Nance-Horan syndrome protein, NHS, associates with epithelial cell junctions.

Nance-Horan syndrome, characterized by congenital cataracts, craniofacial, dental abnormalities and mental disturbances, is an X-linked disorder with significant phenotypic heterogeneity. Affected individuals have mutations in the NHS (Nance-Horan syndrome) gene typically resulting in premature truncation of the protein. This report underlines the complexity of the regulation of the NHS gene that transcribes several isoforms. We demonstrate the differential expression of the two NHS isoforms, NHS-A and NHS-1A, and differences in the subcellular localization of the proteins encoded by these isoforms. This may in part explain the pleiotropic features of the syndrome. We show that the endogenous and exogenous NHS-A isoform localizes to the cell membrane of mammalian cells in a cell-type-dependent manner and that it co-localizes with the tight junction (TJ) protein ZO-1 in the apical aspect of cell membrane in epithelial cells. We also show that the NHS-1A isoform is a cytoplasmic protein. In the developing mammalian lens, we found continuous expression of NHS that became restricted to the lens epithelium in pre- and postnatal lens. Consistent with the in vitro findings, the NHS-A isoform associates with the apical cell membrane in the lens epithelium. This study suggests that disturbances in intercellular contacts underlie cataractogenesis in the Nance-Horan syndrome. NHS is the first gene localized at TJs that has been implicated in congenital cataracts.

A role for Wnt/beta-catenin signaling in lens epithelial differentiation.

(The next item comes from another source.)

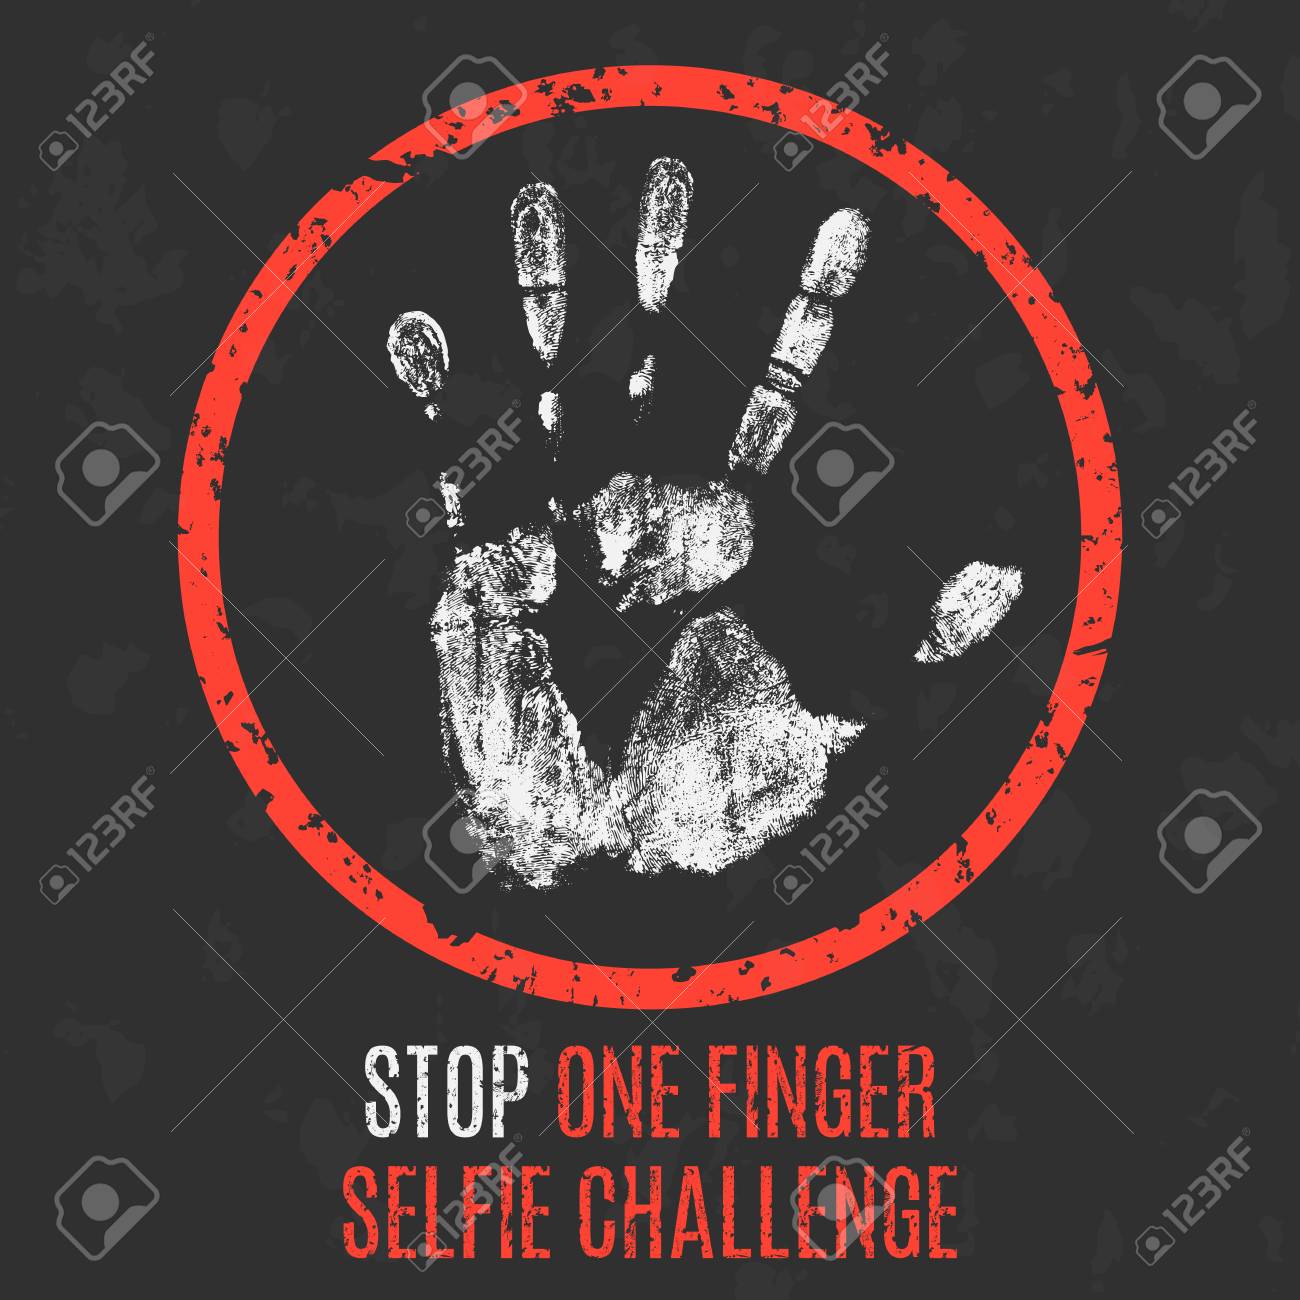 darlene legaspi recommends one finger selfie challenge photos pic
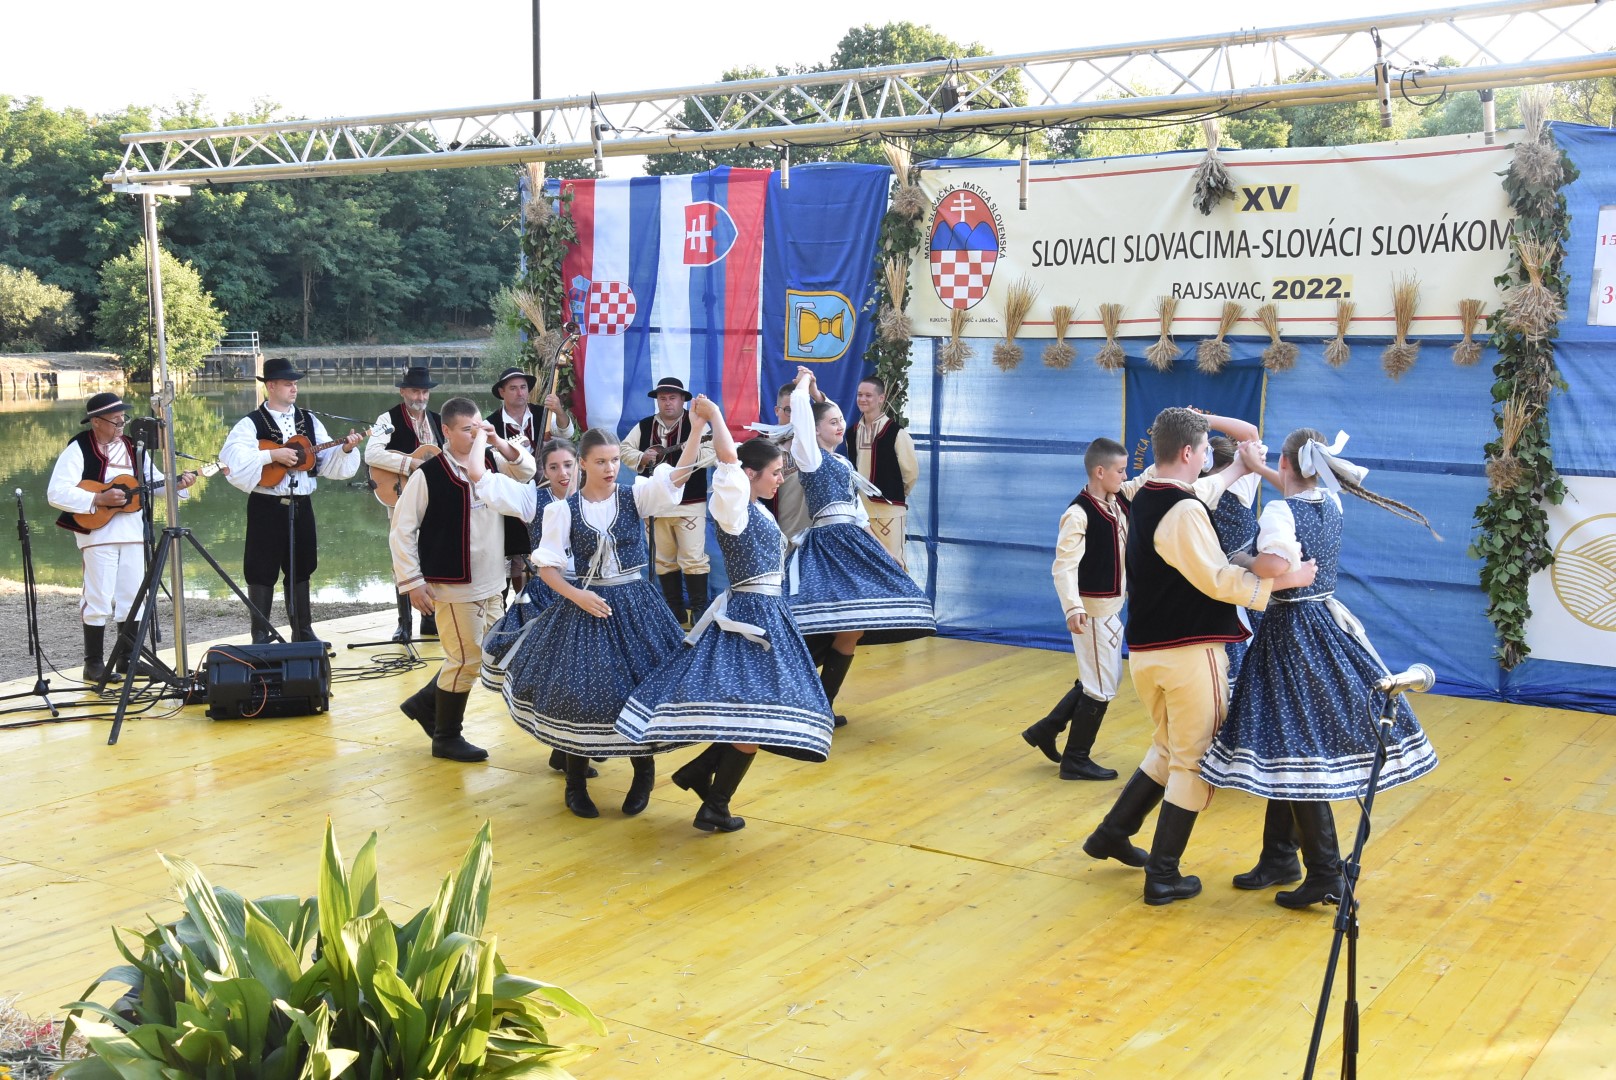 Požega.eu | Pjesme, plesovi i običaji svojih krajeva u narodnim nošnjama na amfiteatru Zelene lagune u Rajsavcu /FOTOGALERIJA/

The differentiation of epithelial cells and fiber cells from the anterior and posterior compartments of the lens vesicle, respectively, give the mammalian lens its distinctive polarity. While much progress has been made in understanding the molecular basis of fiber differentiation, little is known about factors that govern the differentiation of the epithelium. Members of the Wnt growth factor family appear to be key regulators of epithelial differentiation in various organ systems. Wnts are ligands for Frizzled receptors and can activate several signaling pathways, of which the best understood is the Wnt/beta-catenin pathway. The presence of LDL-related protein coreceptors (LRPs) 5 or 6 has been shown to be a requirement for Wnt signaling through the beta-catenin pathway. To access the role of this signaling pathway in the lens, we analyzed mice with a null mutation of lrp6. These mice had small eyes and aberrant lenses, characterized by an incompletely formed anterior epithelium resulting in extrusion of the lens fibers into the overlying corneal stroma. We also showed that multiple Wnts, including 5a, 5b, 7a, 7b, 8a, 8b, and Frizzled receptors 1, 2, 3, 4, and 6, were detected in the lens. Expression of these molecules was generally present throughout the lens epithelium and extended into the transitional zone, where early fiber elongation occurs. In addition to both LRP5 and LRP6, we also showed the expression of other molecules involved in Wnt signaling and its regulation, including Dishevelleds, Dickkopfs, and secreted Frizzled-related proteins. Taken together, these results indicate a role for Wnt signaling in regulating the differentiation and behavior of lens cells.